This page is more about Mother Nature than Amateur Radio. It describes an incident that happened on September 4, 2004.
My 6-element vertical array is described on a number of web pages. The basic antenna element is an 80/40 meter trap vertical. The vertical is not free-standing, a single set of guy lines supports the aluminum tubing.
It's not enough to build and set up an antenna system, you have to keep it maintained. With 6 verticals, I always wondered and worried about the first failure. When would I look out and see something less than 6 verticals?
My first assumption was that a vertical would fail due to a design flaw. Some part of the vertical would be under more stress than expected, and then fail. Coming in a close second was a construction flaw. Perhaps a bolt was not tight enough, or, a knot would give way and fail. My third concern was vandalism. Although I live in a rural area, and the array is removed from the street, and hidden behind a number of trees, a few seconds of vandalism could bring down all 6 verticals with very little effort.
During the early morning hours of September 4, 2004, I woke up, and decided to turn on the radio to check for DX. As I rotated the array, I did not see the normal front to back ratio, which can be over 20 dB. I then applied some power to the array, and observed the SWR on both 80 and 40 meters as I rotated the antenna through its six directions. At the target frequencies, the SWR is low, and, in particular, the same in all 6 directions. I found that the SWR was higher than expected, and moved up and down as I changed directions. Something was wrong.
But, it was 3:00 AM, and dark outside, so I went back to bed, knowing that I had some sort of problem to deal with when the morning arrived.
When I got up, I went to the window that faces towards the array. As feared, I saw 5 verticals, not 6.
As I waked towards the array, I saw element #1 on the ground. It seemed to be bent in half, which I certainly didn't expect. I had always assumed that any element failure would require a guy line failure. After all, if all of the guy lines were in place, how could an element fall and fail? When I got to the element, I immediately checked the three guy lines, and all were in place. Now I had two facts that didn't make sense - the element was bent in half, and all three guy lines were in place.

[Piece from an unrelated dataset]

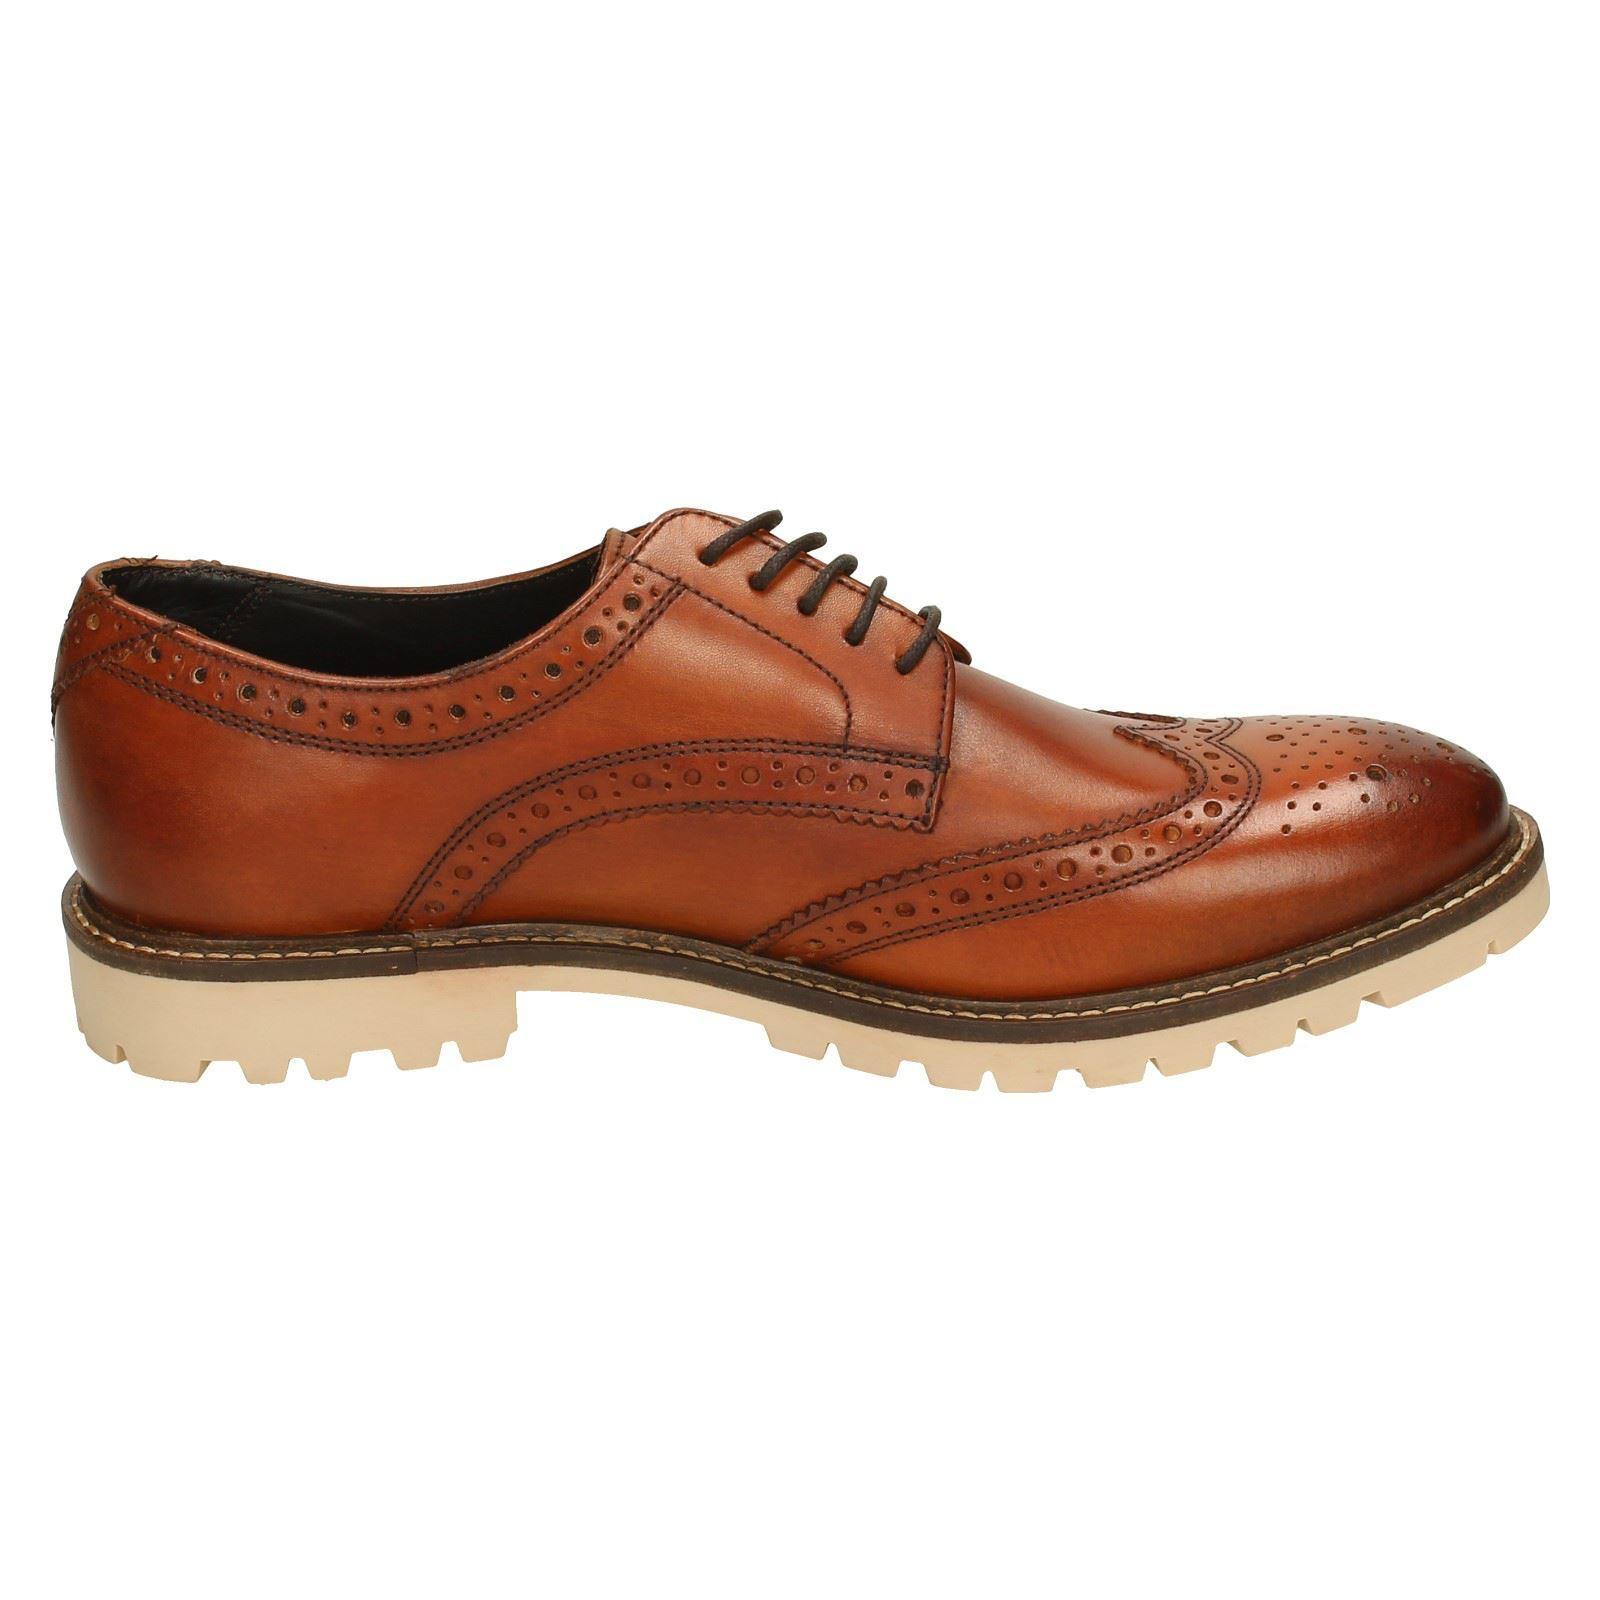 Base London' Raid 'Mens-tan gewaschen Wingtip Derby Brogues förmliche Schuhe

Here is a picture of how I found the element. Please click on the picture for a larger view.
A fourth rope is attached to the vertical. It is a pull rope that is used to raise and lower the vertical. During normal operation, the rope simply hangs down the side of the vertical, and the slack is hung from a cleat on the vertical wooden base. It started to become clear that the vertical failed because this rope was pulled away from the base of the vertical. This caused the vertical to buckle. At some point, the bottom broke free from the hinge at the base. The vertical collapsed on the ground. All three guy lines remained attached. They actually provided an anchor above the pull rope attachment point. This led to the vertical buckling, as opposed to simply falling over.
One thing was clear, somebody did this on purpose. This was not the the result of weather or mechanical failure. Somebody grabbed the pull rope, and kept tugging on it until the 2" diameter aluminum tubing buckled, and then broke away from the base, as it collapsed to the ground. I should mention that the guy lines and the pull rope were both made from Dacron rope with a black UV-resistant jacket. I have found this to be the only choice for outside use, since it seems to last forever. The guy lines are only 3/32" in diameter. The pull rope is 5/16" in diameter.
I started to follow the pull rope, which headed off from the element in the direction of the arrowhead formed by the bent tubing. About 20 feet away, I found the rope making a nearly 90 degree bend around the trunk of a small tree. The bark of the tree was heavily abraded, as if the rope were rubbing against the trunk for a long time. Here is a picture of the trunk wear.
Now what sense did this make? Not much to me. I continued to follow the rope, which was now heading off in a new direction. After another 15 to 20 foot distance, the rope was tangled around another small tree. This tree, however, was lying on its side, and almost pulled free from the ground.
As in the case of the first tree, the bark was worn off of a portion of the trunk. Near the ground, I saw something hanging from the end of the rope. As I got closer, I could not believe my eyes - it was a deer antler!
Now, this all became clear, and was hardly what I would have ever expected.
A buck, sporting a small set of antlers must have been grazing around the base of the vertical. His antler got tangled in the pull rope hanging off of the cleat. As the deer panicked he must have ran from the element, turning after the first tree, and then running around the second tree. The antenna probably gave way early on in the process, but then I had a deer tied to a tree by a short rope connected to its antler. The second tree was nearly pulled from the ground, most of the roots were snapped. At some point, the antler gave way, and the deer was free.
Here is a picture of the antler, and the naturally forming knot.
Finally, here is what a normal vertical base looks like. The spare pull rope is collected, and hung from a cleat.
The deer must have found a way to get their antler caught in the rope windings, and the ended up tied to the very end of the rope.
Although I thought of a lot of possible problems, I must confess, this one caught me completely off guard. I believe that antlers will grow again if lost. If you find a one-antler deer chasing you around your Field Day site, perhaps it was this one - I suspect he has no love for Amateur Radio.